Architectural Decision Required:
- Option A: Strategy structs - Define specific struct for each strategy type
- Option B: Behaviour protocols - Define recovery behaviour with callbacks
- Option C: Strategy registry - Runtime strategy lookup with validation
Recommendation: Option A - Strategy structs for compile-time validation
6. State Machine Integration Inconsistency
Core Issue: Worker state machine integration is inconsistent across the pool, leading to type mismatches.
Evidence:
- Pattern match coverage errors in
session_pool.ex:461
- Worker recovery returning different state machine structures
- Inconsistent worker state handling between enhanced and basic workers
Root Cause: Worker state machine was added incrementally without full integration.
Architectural Decision Required:
- Option A: Full state machine integration - All workers use state machine
- Option B: Optional state machine - Clear separation between enhanced/basic workers
- Option C: State machine abstraction - Common interface regardless of implementation
Recommendation: Option B - Clear separation with explicit worker types
Prioritized Fix Strategy
Phase 1: Critical Type Safety (High Priority)

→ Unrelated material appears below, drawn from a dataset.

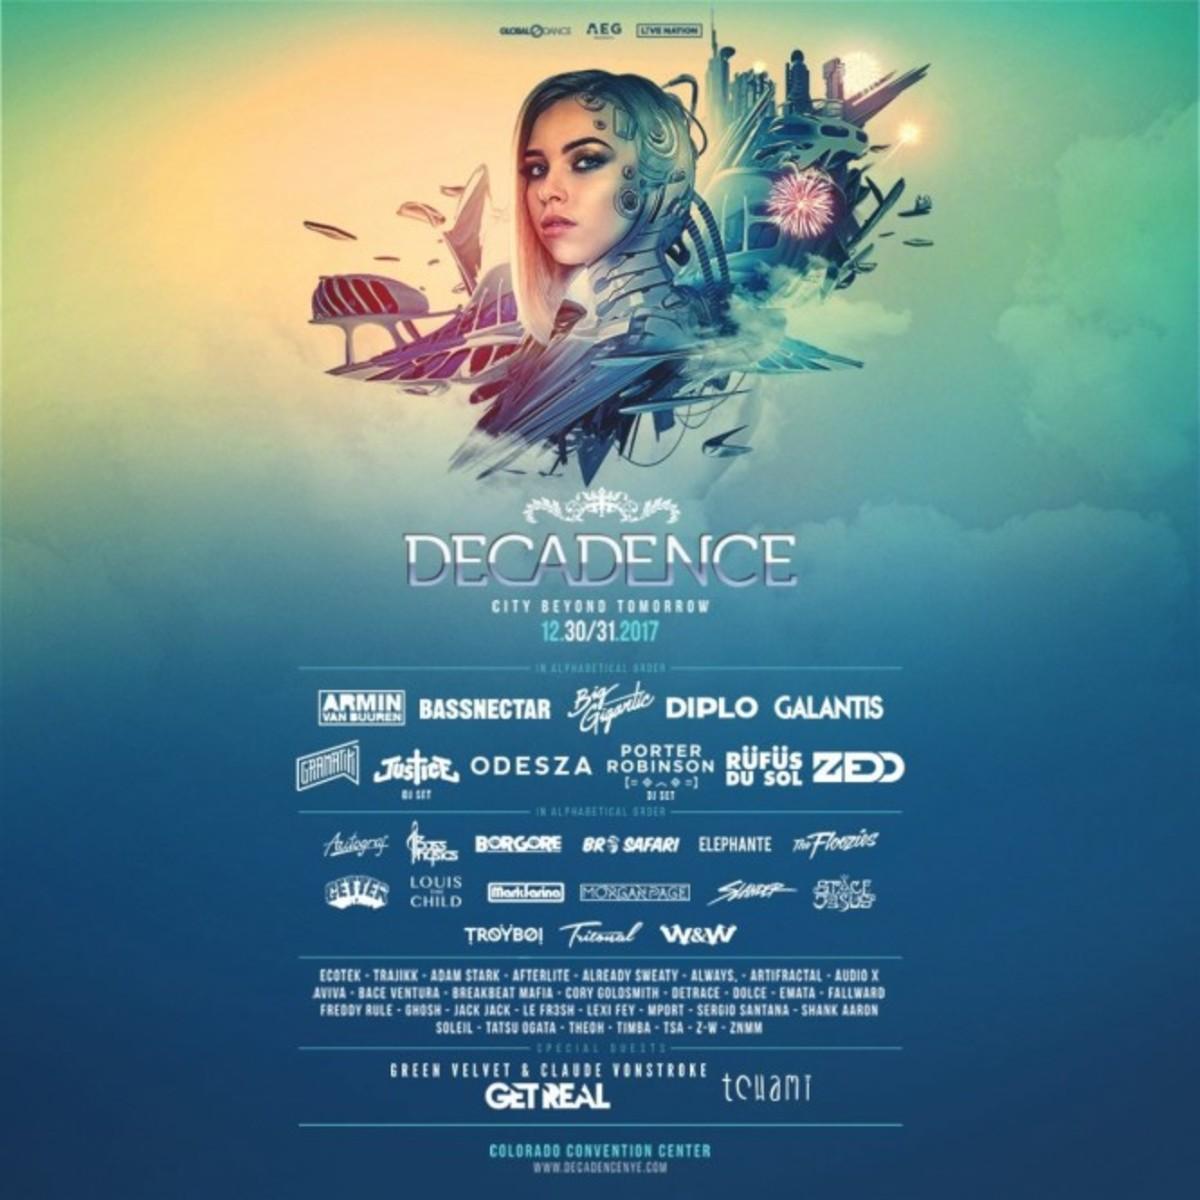 Decadence 2017 Lineup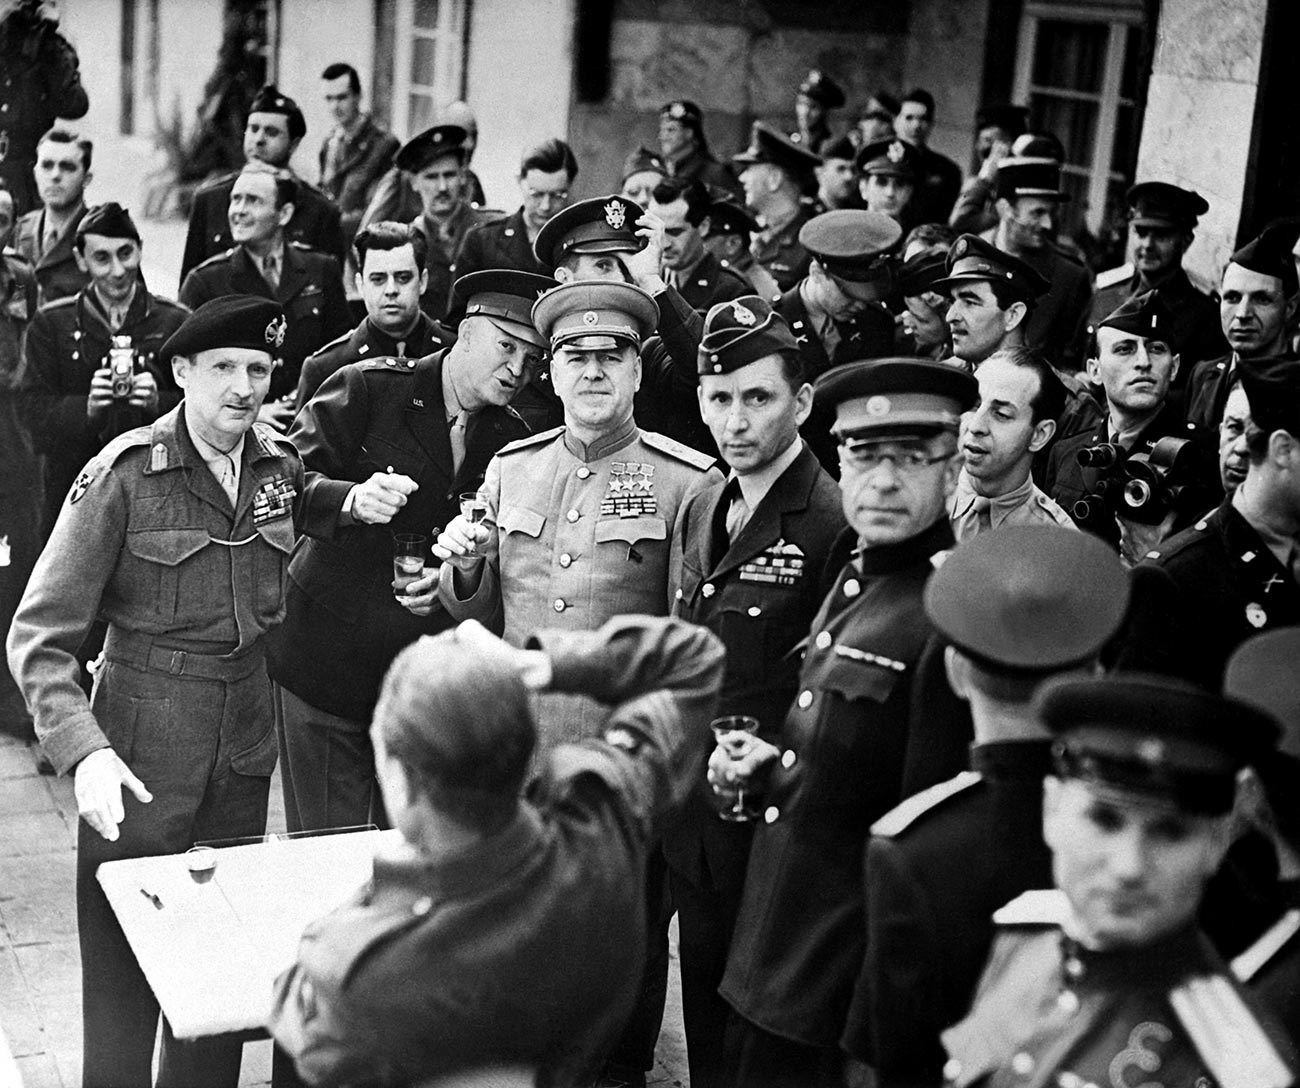 Britanski feldmaršal Bernard Montgomery (lijevo s beretkom) nagrađen Ordenom pobjede 5. lipnja 1945. Desno od Montgomeryja su američki general Dwight Eisenhower i sovjetski maršal Georgij Žukov, također nagrađeni Ordenom pobjede. Desno od Žukova je britanski maršal RAF-a, sir Arthur Teder.

Fix Alert Structure Rigidity
- Create union alert types for different alert categories
- Update
add_to_queue
to handle different alert schemas - Impact: Fixes 3 contract violation errors
Fix Function Return Proliferation
- Standardize recovery function returns using result monad pattern
- Update
execute_recovery/3
spec to match actual returns - Impact: Fixes 4 missing_range/extra_range errors
Fix Pattern Match Coverage
- Remove unreachable patterns in error categorization
- Update pattern guards to reflect actual type constraints
- Impact: Fixes 4 pattern_match_cov errors
Phase 2: Contract Precision (Medium Priority)
Fix Contract Supertypes
- Narrow function specs to match success typing
- Use specific return types instead of generic
term()
- Impact: Fixes 8 contract_supertype errors
Fix Guard Failures
- Remove impossible guard conditions
- Update context nil checks to handle actual map types
- Impact: Fixes 2 guard_fail errors
Phase 3: Return Value Handling (Low Priority)
- Fix Unmatched Returns
- Add proper pattern matching for all function calls
- Decide whether to handle or explicitly ignore return values
- Impact: Fixes 8 unmatched_return errors
Implementation Approach
Step 1: Create Union Alert Types
defmodule DSPex.PythonBridge.AlertTypes do
@type circuit_opened_alert :: %{
type: :circuit_opened,
message: binary(),
timestamp: integer(),
metadata: map(),
circuit: term()
}
@type high_error_rate_alert :: %{
type: :high_error_rate,
message: binary(),
timestamp: integer(),
metadata: map(),
error_count: non_neg_integer(),
error_rate: float(),
total_count: non_neg_integer()
}
@type alert :: circuit_opened_alert() | high_error_rate_alert() | multiple_circuits_alert()
end
Step 2: Standardize Recovery Returns
@type recovery_result ::
{:ok, :recovered, term()} |
{:ok, :failover, term()} |
{:retry, non_neg_integer()} |
{:remove, reason :: term(), metadata :: map()} |
{:error, reason :: term()}
Step 3: Create Formal Context Schemas
defmodule DSPex.PythonBridge.ContextSchemas do
@type pool_operation_context :: %{
worker_id: String.t(),
session_id: String.t() | nil,
operation: atom(),
attempt: non_neg_integer(),
adapter: module()
}
@type recovery_context :: %{
original_operation: function() | nil,
args: list() | map(),
user_facing: boolean()
}
end
Expected Outcomes
After Phase 1: ~20 errors remaining (35% additional reduction) After Phase 2: ~8 errors remaining (75% total reduction from original 72) After Phase 3: 0-3 errors remaining (96%+ total reduction)
Risk Assessment
Low Risk Fixes: Alert types, pattern coverage, guard failures
Medium Risk Fixes: Contract supertypes, return value standardization
High Risk Fixes: Major architectural changes (not recommended for current phase)
Success Metrics
- Dialyzer Error Count: Target <5 errors
- Type Safety: 100% compile-time type validation for error paths
- Code Maintainability: Clear error handling patterns
- Performance: No runtime overhead from type fixes
This analysis provides a roadmap for resolving the remaining architectural issues while maintaining system stability and improving long-term maintainability.